A partir de lo anterior, podemos concluir que la acción ética cristina, es espiritual.
Movidos por el Espíritu que nos habita, salimos también nosotros, de nuestro propio
“amor, querer e interés” (EE 189), atraídos por una fuerza que nos descentra de nosotros
mismos, y nos lanza al encuentro de los demás, sembrando una inquietud constante, un
amor inefable, un deseo de que “Dios sea todo en todos” (1 Cor, 15-28).

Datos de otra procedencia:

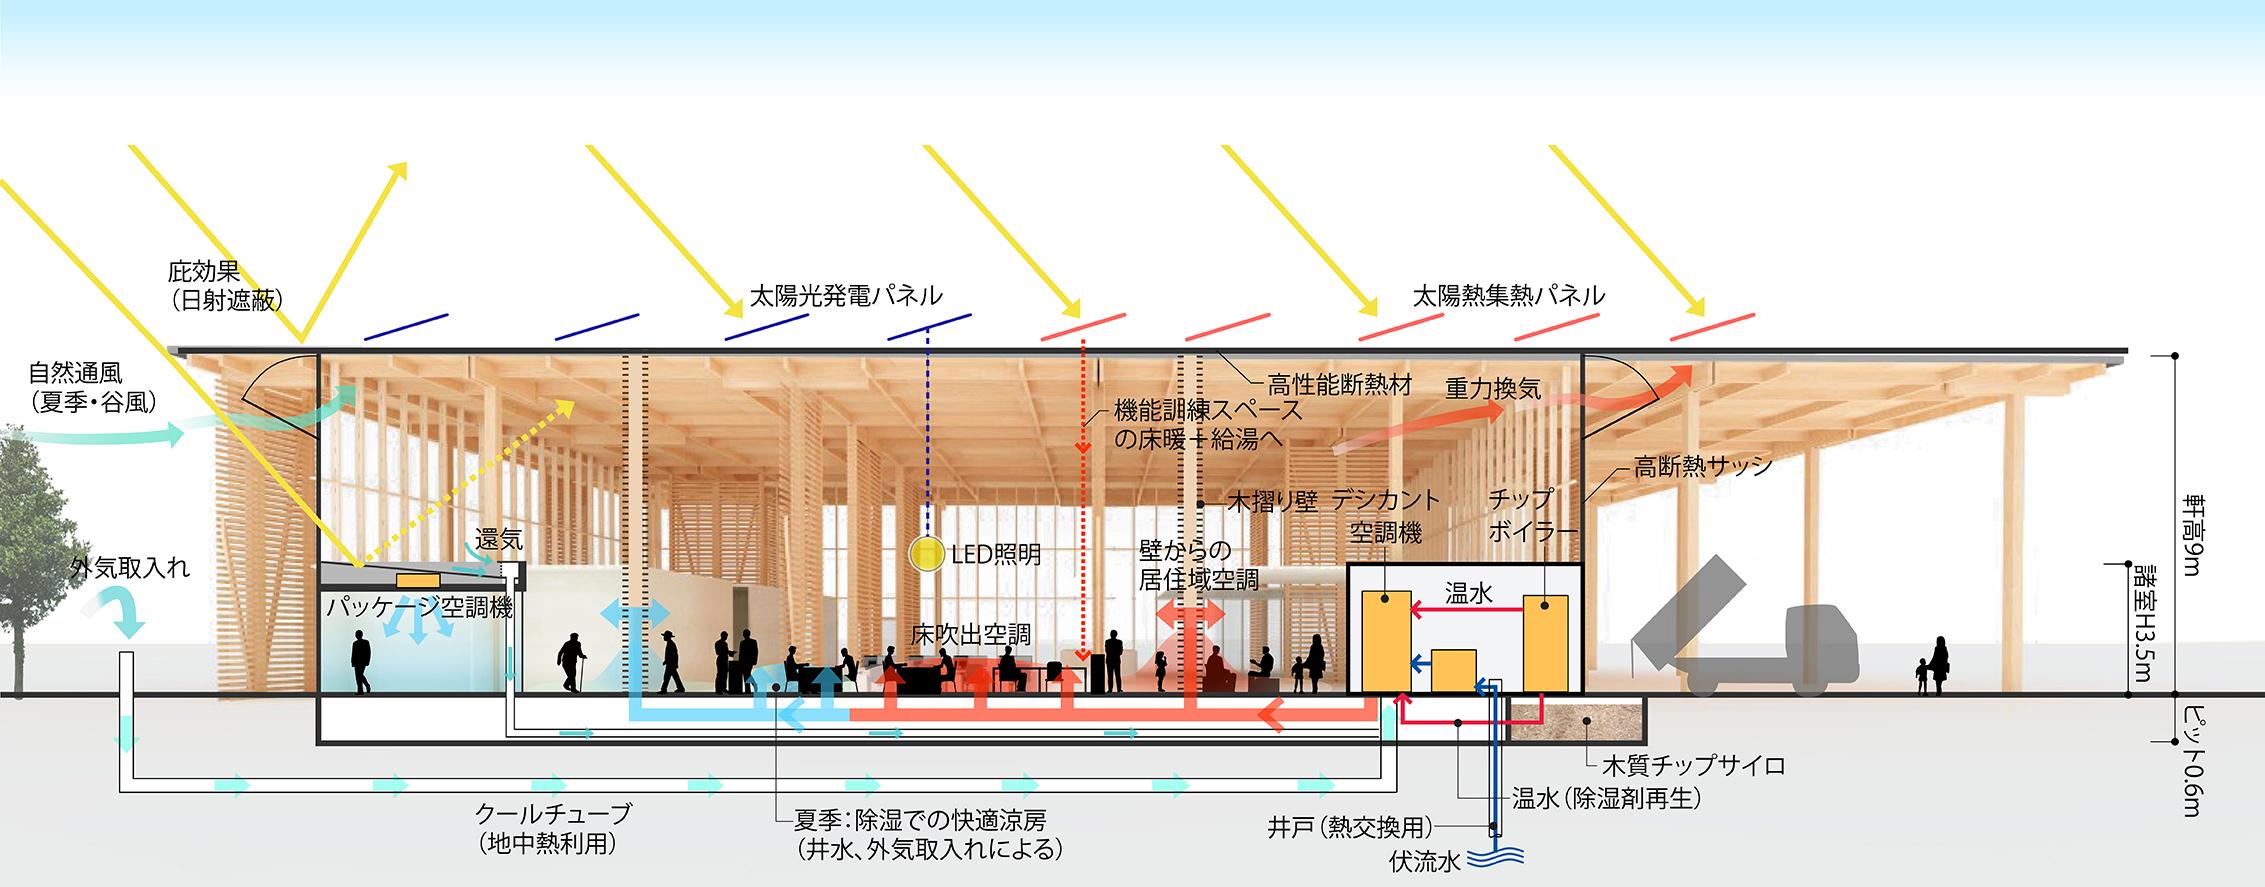 3-04_section.jpg

¿Cómo entonces discernir entre una acción humana y una acción del Espíritu en el
ser humano? Podríamos afirmar dos posibles criterios: por lo inesperado de la acción, que
no es motivada por nuestros esfuerzos, cálculos o pronósticos, y por sus frutos. Con
relación al primer criterio, Karl Rahner, nos ofrece un ejemplo en su libro “La experiencia
del Espíritu”

Cuando se da una esperanza total que prevalece sobre todas las demás esperanzas
particulares, que abarca con su suavidad y con su silenciosa promesa todos los
crecimientos y todas las caídas… cuando se corre el riesgo de orar en medio de tinieblas
silenciosas sabiendo que siempre somos escuchados, aunque no percibimos una respuesta
que se pueda razonar o disputar…. cuando el hombre confía sus conocimientos y
preguntas al misterio silencioso y salvador, más amado que todos nuestros conocimientos
particulares convertidos en señores demasiado pequeños para nosotros, cuando ensayamos
diariamente nuestra muerte e intentamos vivir como desearíamos vivir: tranquilos y en
paz… Allí está Dios y su gracia liberadora, allí conocemos a quien nosotros, cristianos,
llamamos Espíritu Santo de Dios.2

Con relación al segundo criterio, San Pablo nos dice: “el fruto del Espíritu es
caridad, alegría, paz, comprensión de los demás, generosidad, bondad, fidelidad,
mansedumbre y dominio de sí mismo. Estas son cosas que no condena ninguna Ley." (Gál
5,22-23).

Estos dos criterios, nos hablan de una fuerza que no puede tener la ley que se
sistematiza en códigos penales, bajo el veredicto de un juez superior, que valida desde
arriba nuestra acción, sino de una fuerza que viene de la experiencia de un Dios que se
revela Amante y nos invita en libertad a amar como él nos amó (Jn 13, 34), gracias al Don
del Espíritu que actúa constantemente en nosotros.

2
Rahner, Experiencia del Espíritu. 51-53.
BIBLIOGRAFIA

Rahner, Karl. Experiencia del Espíritu. Madrid: Nacea, 1977.